Профессор Грэхэм был известен своей бережливостью, но те, кто называл его жадным, скупым, скаредным, скрягой или чем-то похожим, ошибались, и когда он закатывал пирушку, а в этом случае — прощальный ужин своим бывшим товарищам по «Вустеру», «Сюрпризу» и еще парочке друзей и родственников из шотландских полков, то делал это весьма щедро.
— Будет странно, если ты не получишь свою «пятнистую собаку». Он особенно просил меня рассказать о твоих любимых блюдах.
— Буду с нетерпением ждать, — голос друга вдруг без каких-либо усилий поднялся до оглушительного рыка, когда он крикнул, — только стань мне поперек клюзов, и я раздавлю тебя, недоделанный сын египетской шлюхи, — в сторону гички по перевозке шерсти, и этот крик отразился эхом от обоих берегов.
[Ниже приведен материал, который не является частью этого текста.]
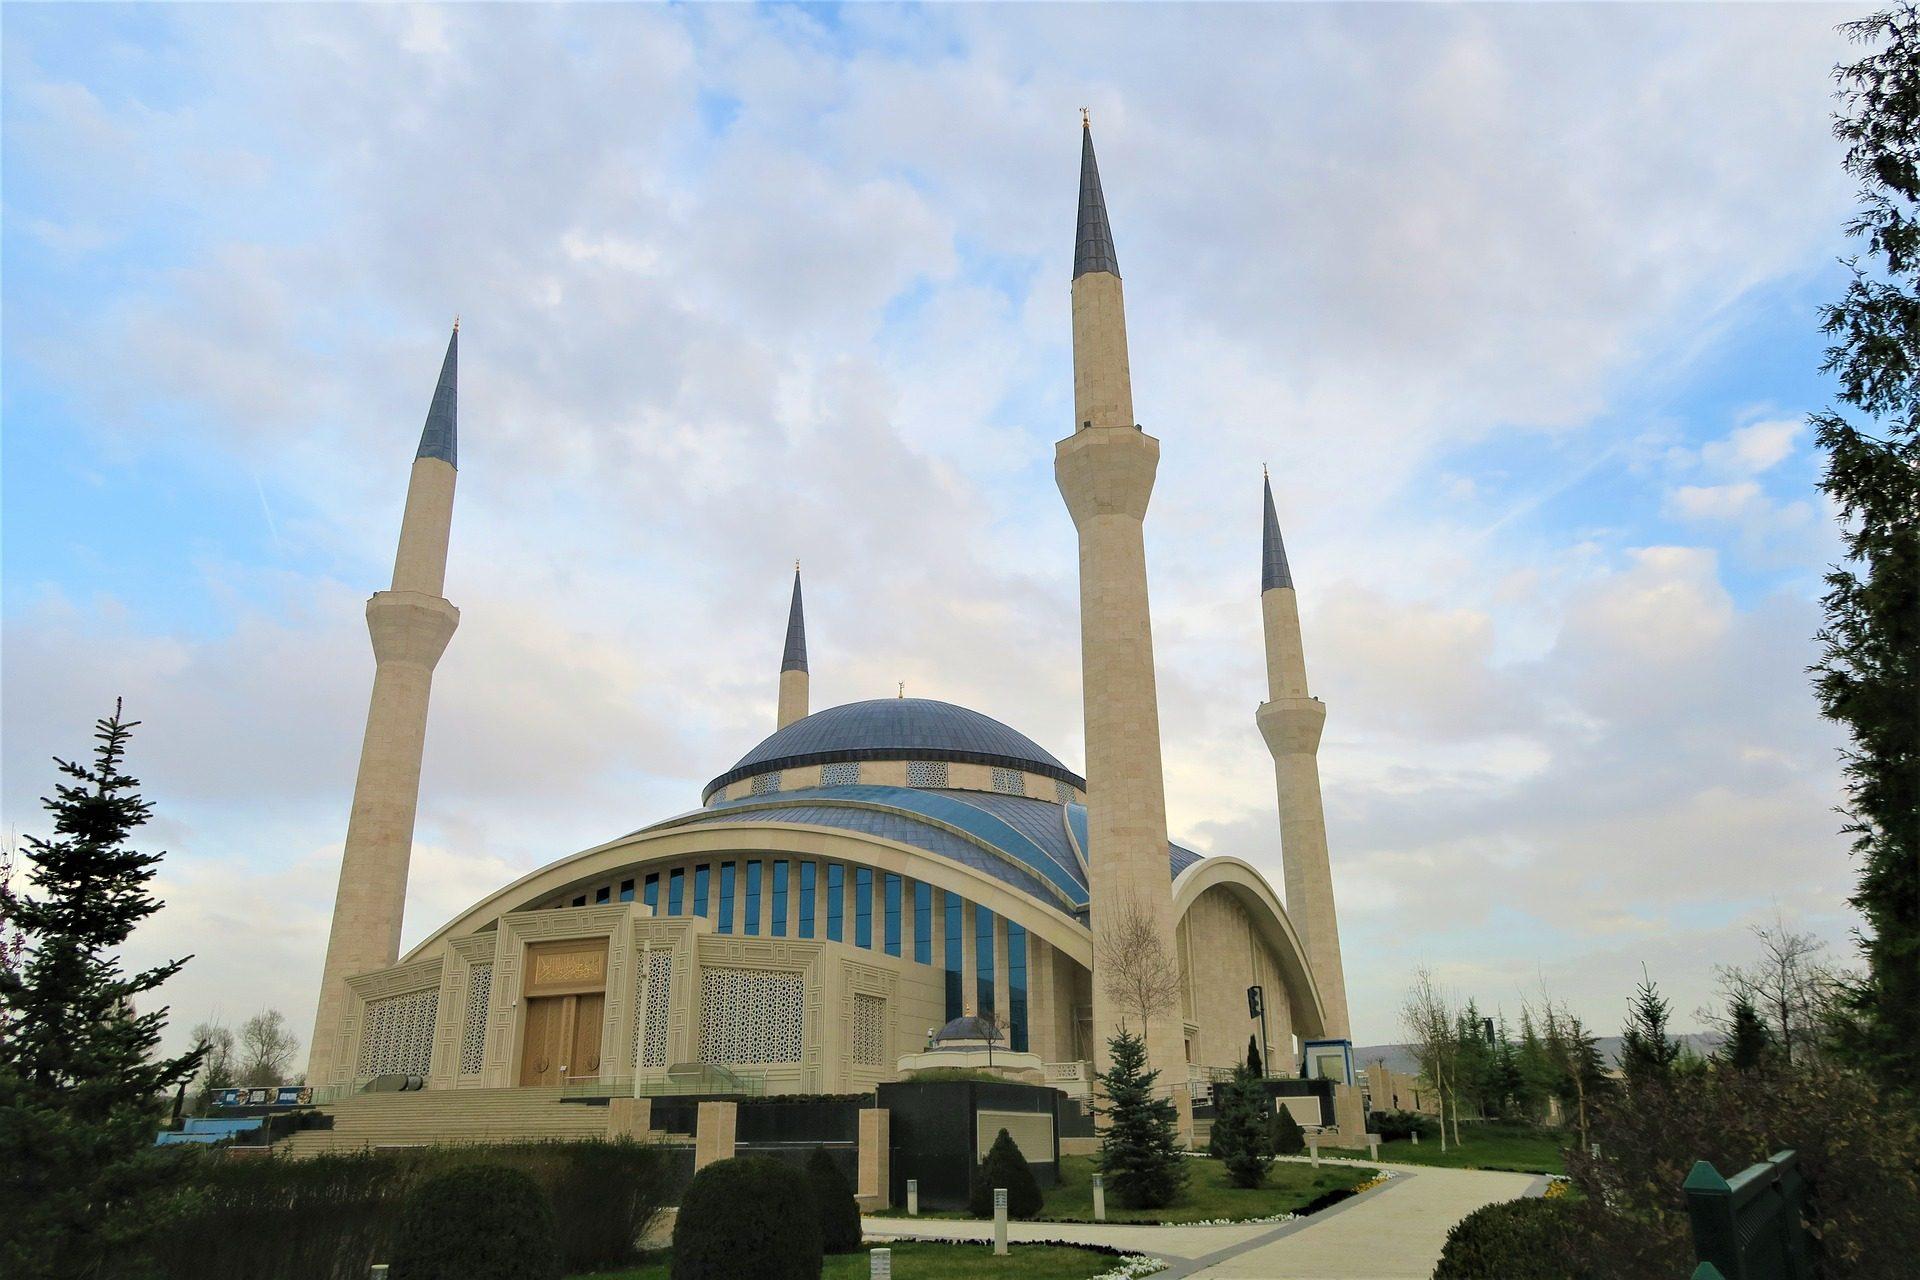 Kirche, Gebäude, Architektur, Torres, Religion, Minarett - Wallpaper HD - Prof.-falken.com
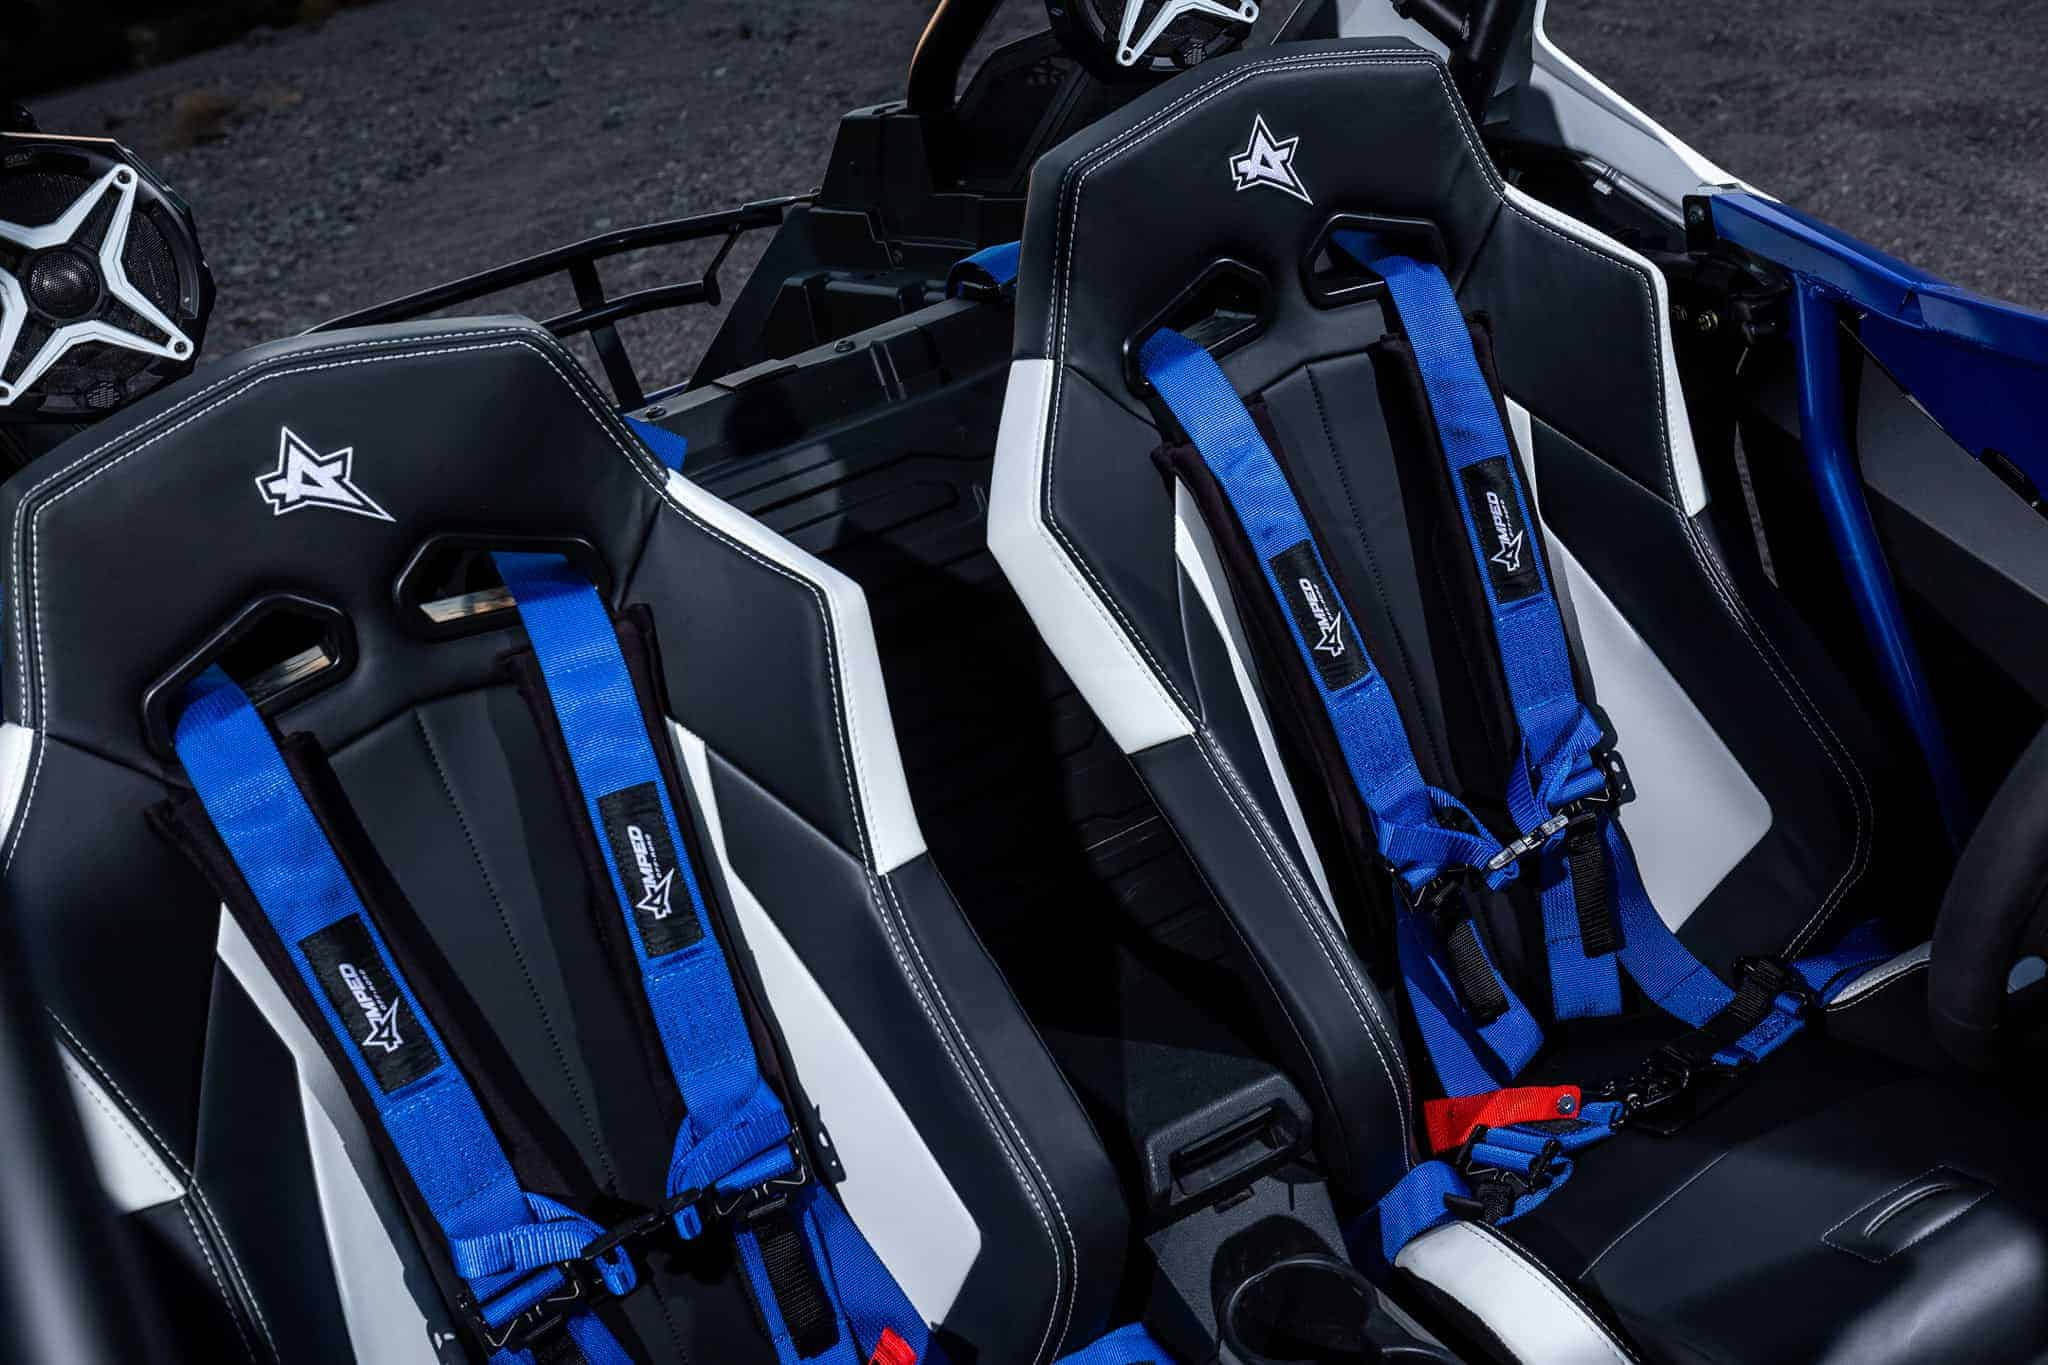 Performance Utv Seats, Full Suspension

— Но теперь я подумал, — продолжил Джек, — и полагаю, лучше доплыть до «Эдинбурга» и позаимствовать катер у Дандаса. Катер невероятно широк, гораздо удобнее нашего собственного, а поскольку «Эдинбург» встал на якоре на глубине в десять саженей, то подходит гораздо лучше, чем зловонная лужа «Сюрприза». Не сомневаюсь, что Дандас набросит канат на колокол и даст тебе погрузиться. Хотя думаю, будет лучше, если сначала юнга или мичман спустятся в нем, чтобы удостовериться, что штуковина работает.
— Профессор Грэхэм, сэр, добрый вечер, — произнес доктор Мэтьюрин, входя в комнату коллеги, — я заглянул к вам сразу после прогулки по дну моря.
— Да, — сказал Грэхэм, оторвавшись от своих бумаг, — так я и понял. За вами наблюдали с Барракки в подзорные трубы, как вы пузыри пускали в своем перевернутом котелке: полковник Виль поставил пять к двум, что вы больше не всплывете.
— Я искренне надеюсь, что он проиграл, бесчеловечный негодяй.
— Конечно, проиграл, раз уж вы стоите здесь, — сказал Грэхэм нетерпеливо. — Но вы снова шутите, несомненно. Судя по вашей обуви и чулкам, морское дно, должно быть, ужасно вонючее и грязное место.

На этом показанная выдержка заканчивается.